Rob: Sure, just a spin-off.
Carrie: Just him, I totally can get behind that. I needed more, and then it wrapped up too quickly for me, and I needed more.
Kris: Yes.
Rob: Well, the film’s doing well, and you have a great history at not only Sundance but South by Southwest. Unfortunately, South by Southwest was cut short and moved online. But do you miss a little bit of the pomp and circumstance that festivals bring? Or are you kind of relieved a little bit but also sad? What’s your thing?
Kris: I don’t know, I’m definitely not relieved, I’m just only sad. I miss it a lot; it’s the funnest part because it takes so long to get a film together and shot and edited. And the whole time you’re thinking about an audience watching it. And I have still not gotten the chance to see the film in a theater with an audience.
And I do really miss all that popping circumstance. But mostly, I miss the kind of like communal feeling of watching it with a crowd. Though I will say, one of the silver linings is that the film premiered in Chicago at a drive-in theater last week. So there were, and we sold out like two screenings. There were over like 300 cars that came in to watch the movie, and it was really a special experience. It wasn’t anything that I could have possibly anticipated. But it was cool.

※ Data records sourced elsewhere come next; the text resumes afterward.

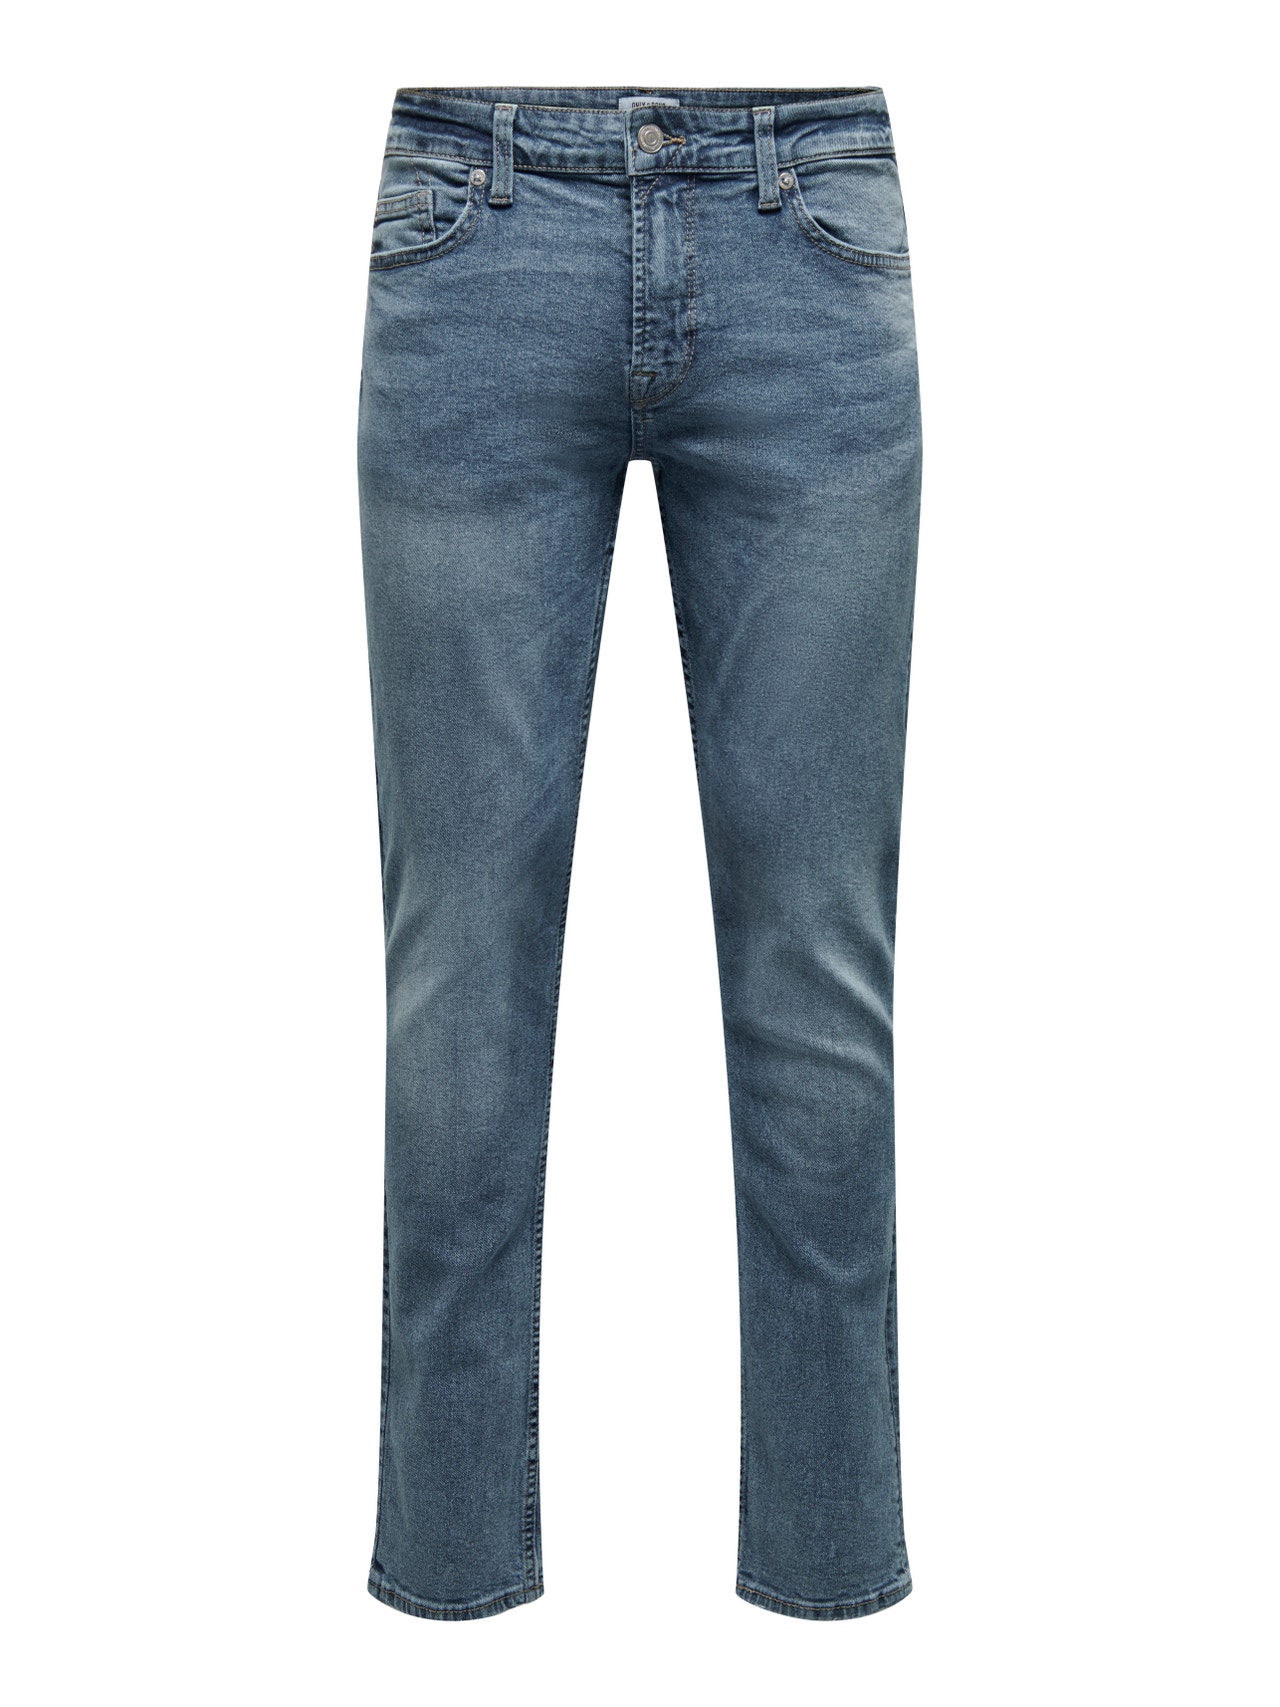 ONLY & SONS Jeans Slim Fit -Light Blue Denim - 22024594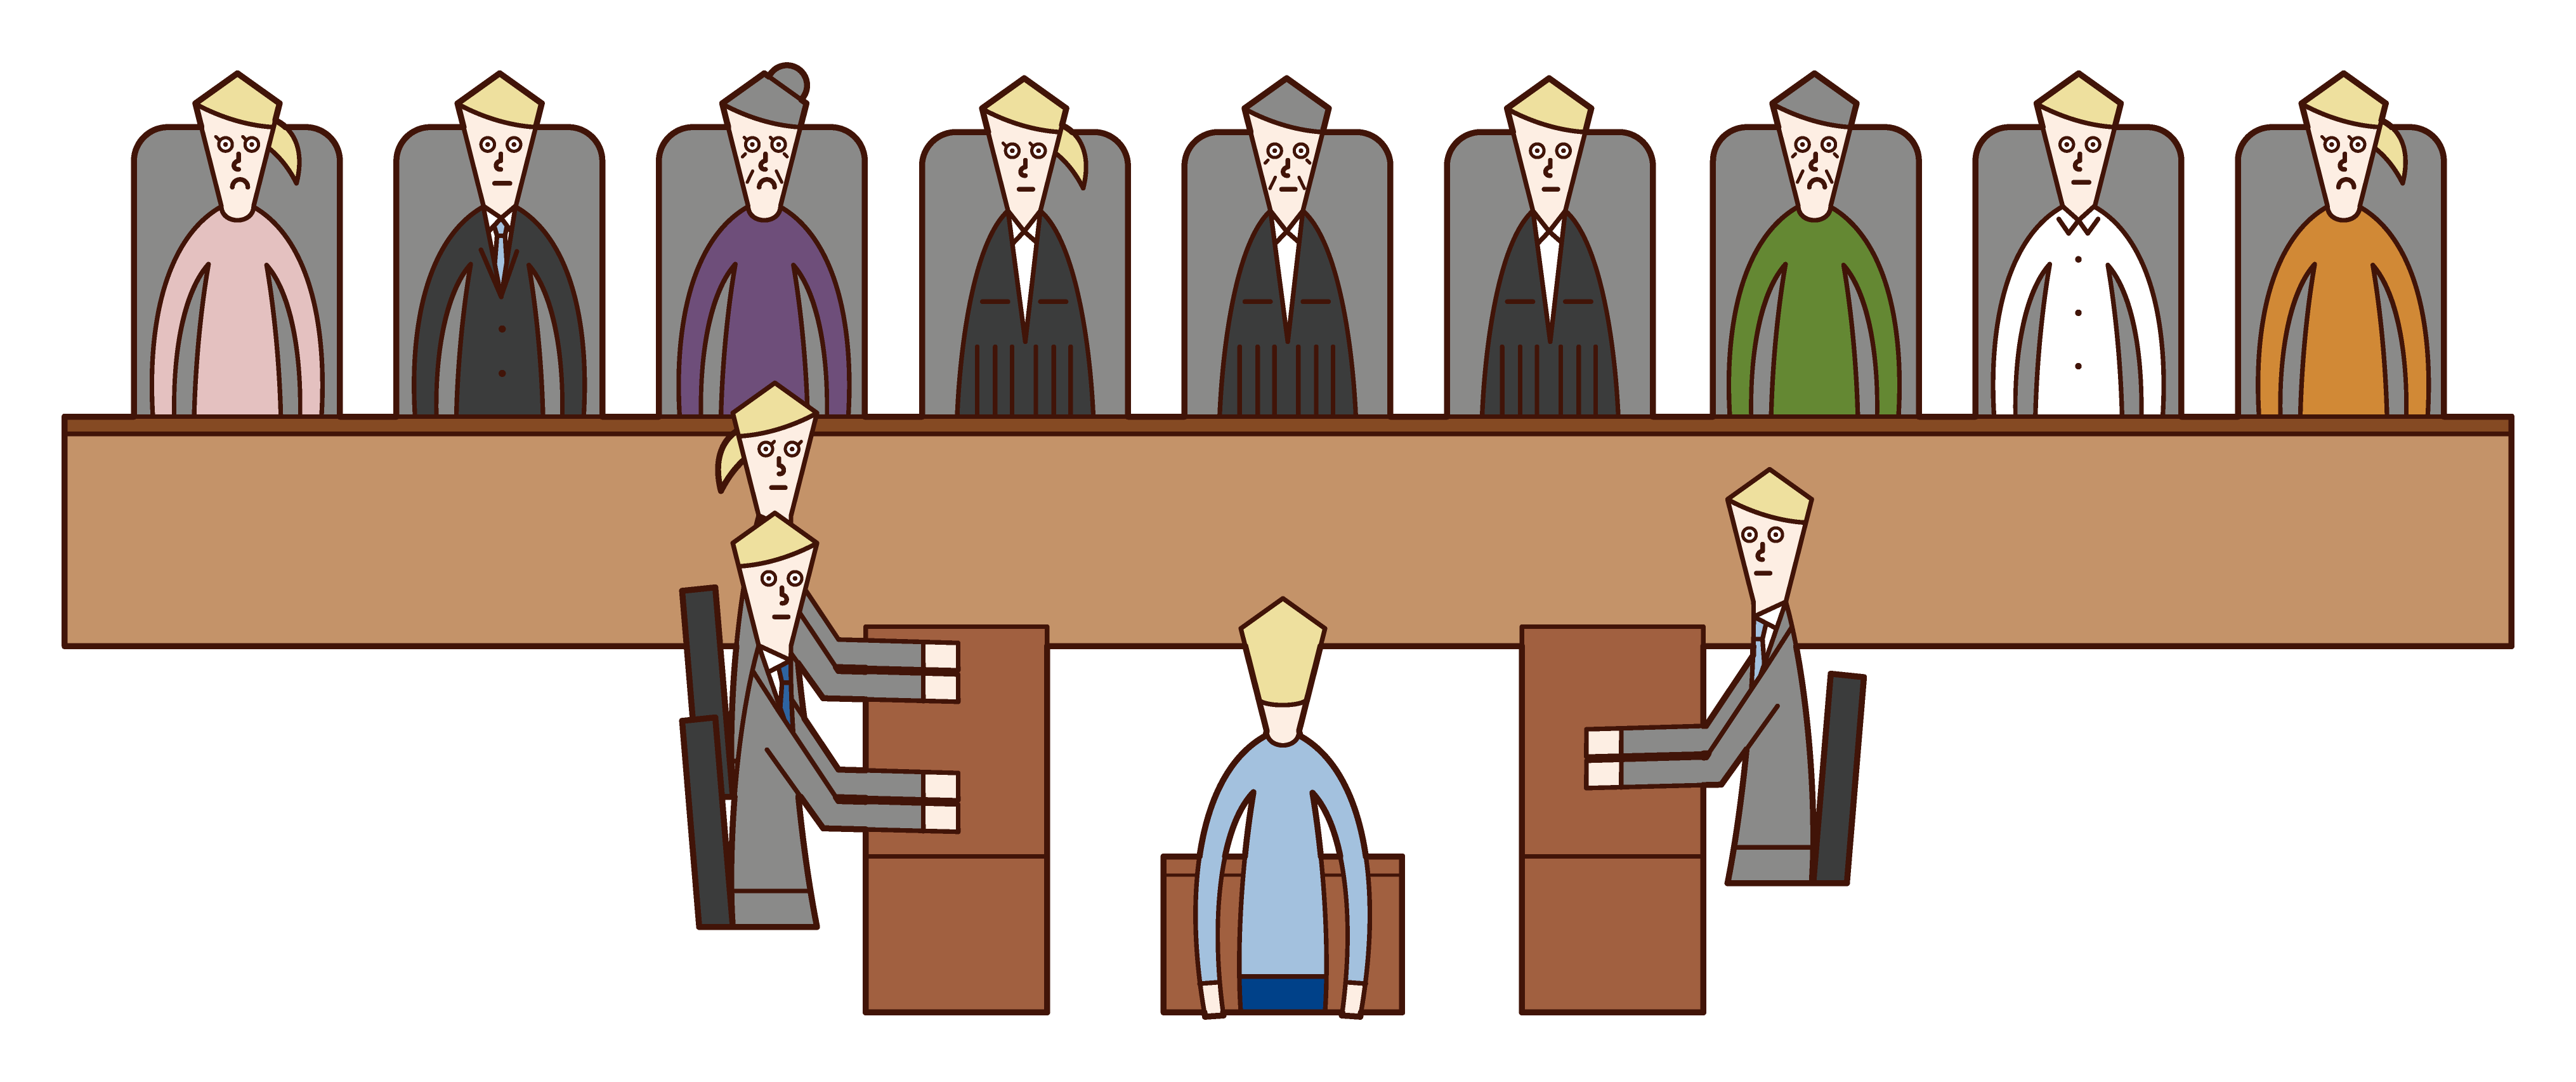 판사 제도의 삽화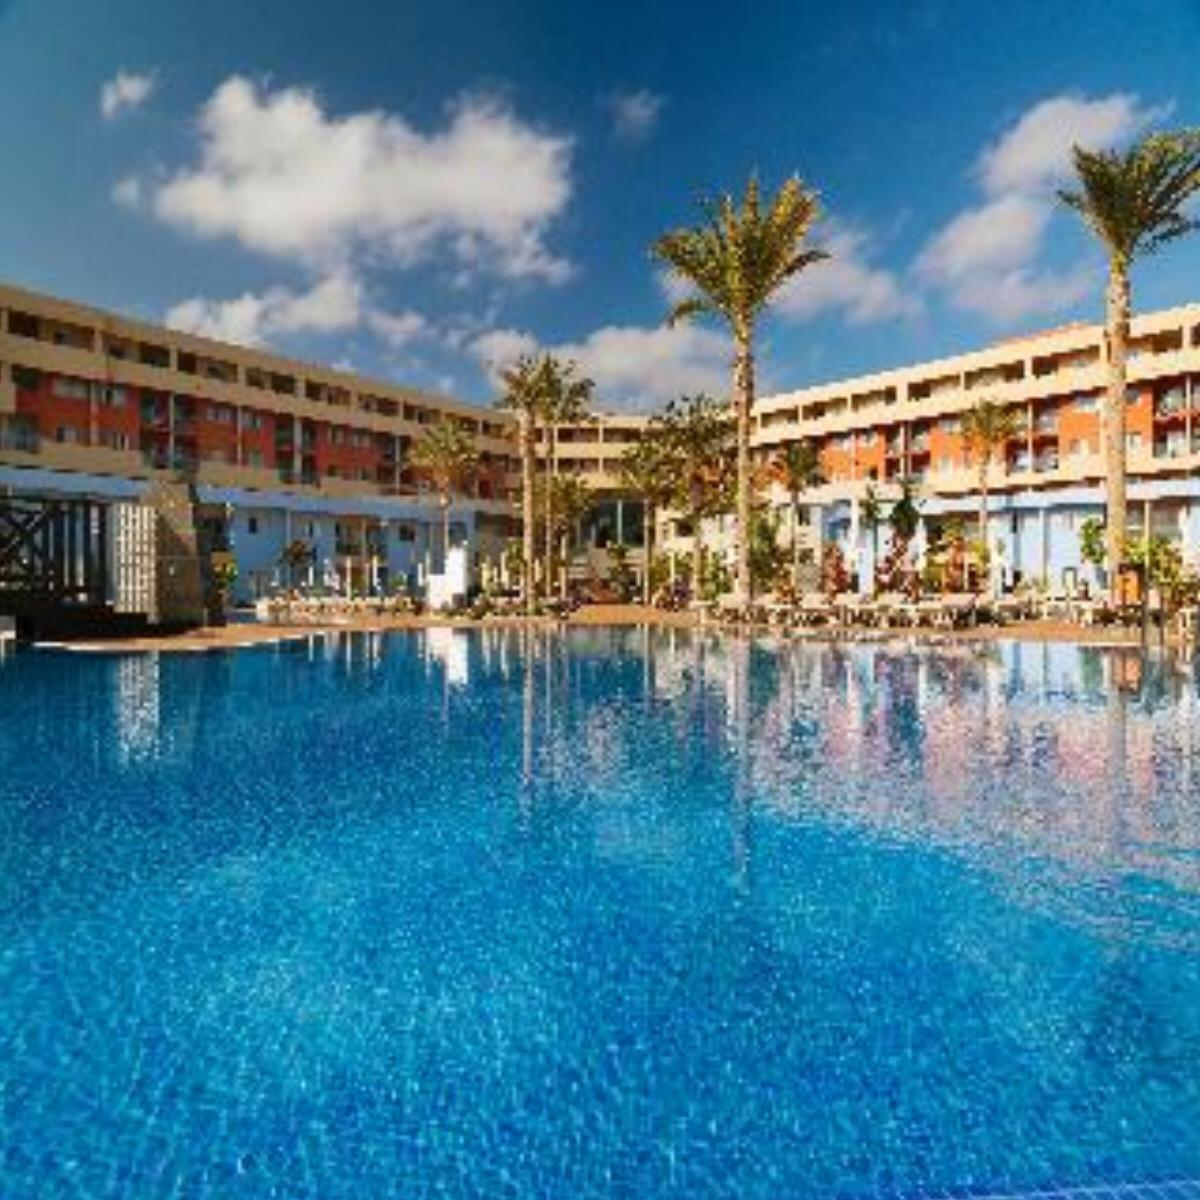 Iberostar Fuerteventura Park Suites Hotel Hotel Fuerteventura Spain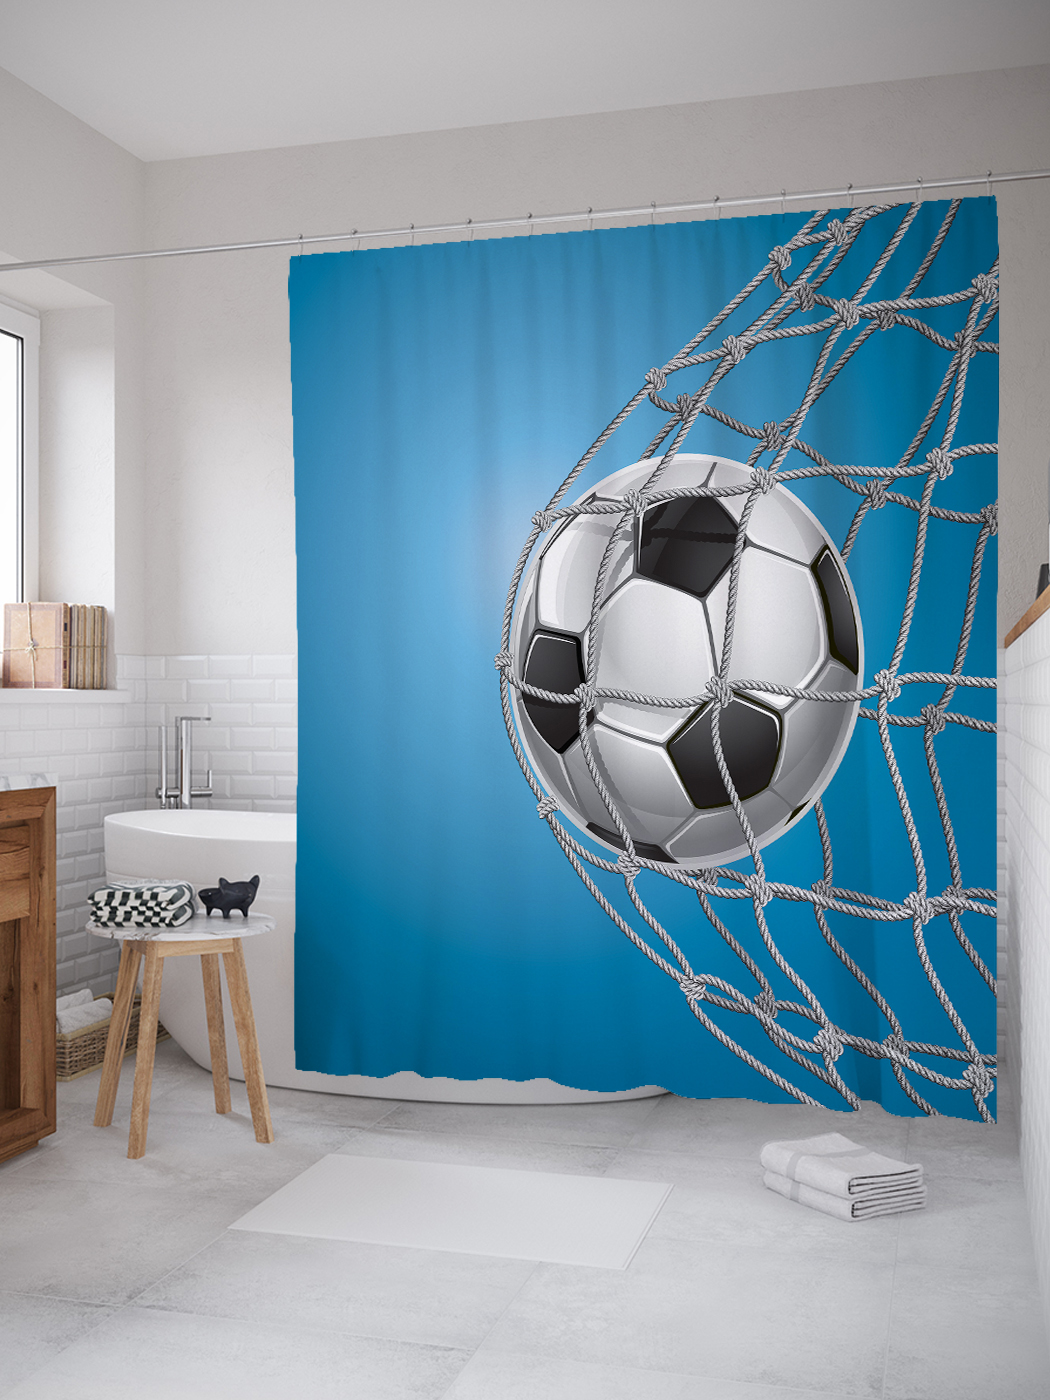 фото Joyarty штора (занавеска) для ванной «футбольный мяч» из ткани, 180х200 см с крючками

Carrie: That is fantastic. I imagine too, like as somebody who has pulled this whole thing together, like to feel the energy of a room. Like if you hear people laughing if you hear people clapping when it’s over. Like when you hear the enthusiasm.
Rob: Laughing at the beats that you intended, like yes, we just went did our first trip to Sundance this past year and definitely had at least a little bit of that experience that you’re describing.
Kris: Yes.
Rob: But don’t fret. While unconventional, I think this movie will certainly find a large a large audience because I think it’s so relatable for so many reasons. And you’ve got great talent behind you as well too, and it shows in everything that you do. So yes, we’re really excited to talk about this with our audience and share it with our folks as well too.
Kris: Well, thank you so much for talking about it. I mean, that has been such a nice like part of that really getting a lot of support. And I do appreciate you guys taking the time to talk to people about it.
Carrie: Of course.
Rob: Of course. And worst case, I’ve already got my enrollment form up to go back to Northwestern and see if I can audit some classes.
Carrie: Awesome. Well, thank you so much for catching up with us and talking a little bit about the movie.
Kris: Thank you.
Carrie: We loved it, and we’re looking forward to see it take off here when it comes out, releases on Friday.
Kris: Cool. All right, thanks so much, you guys.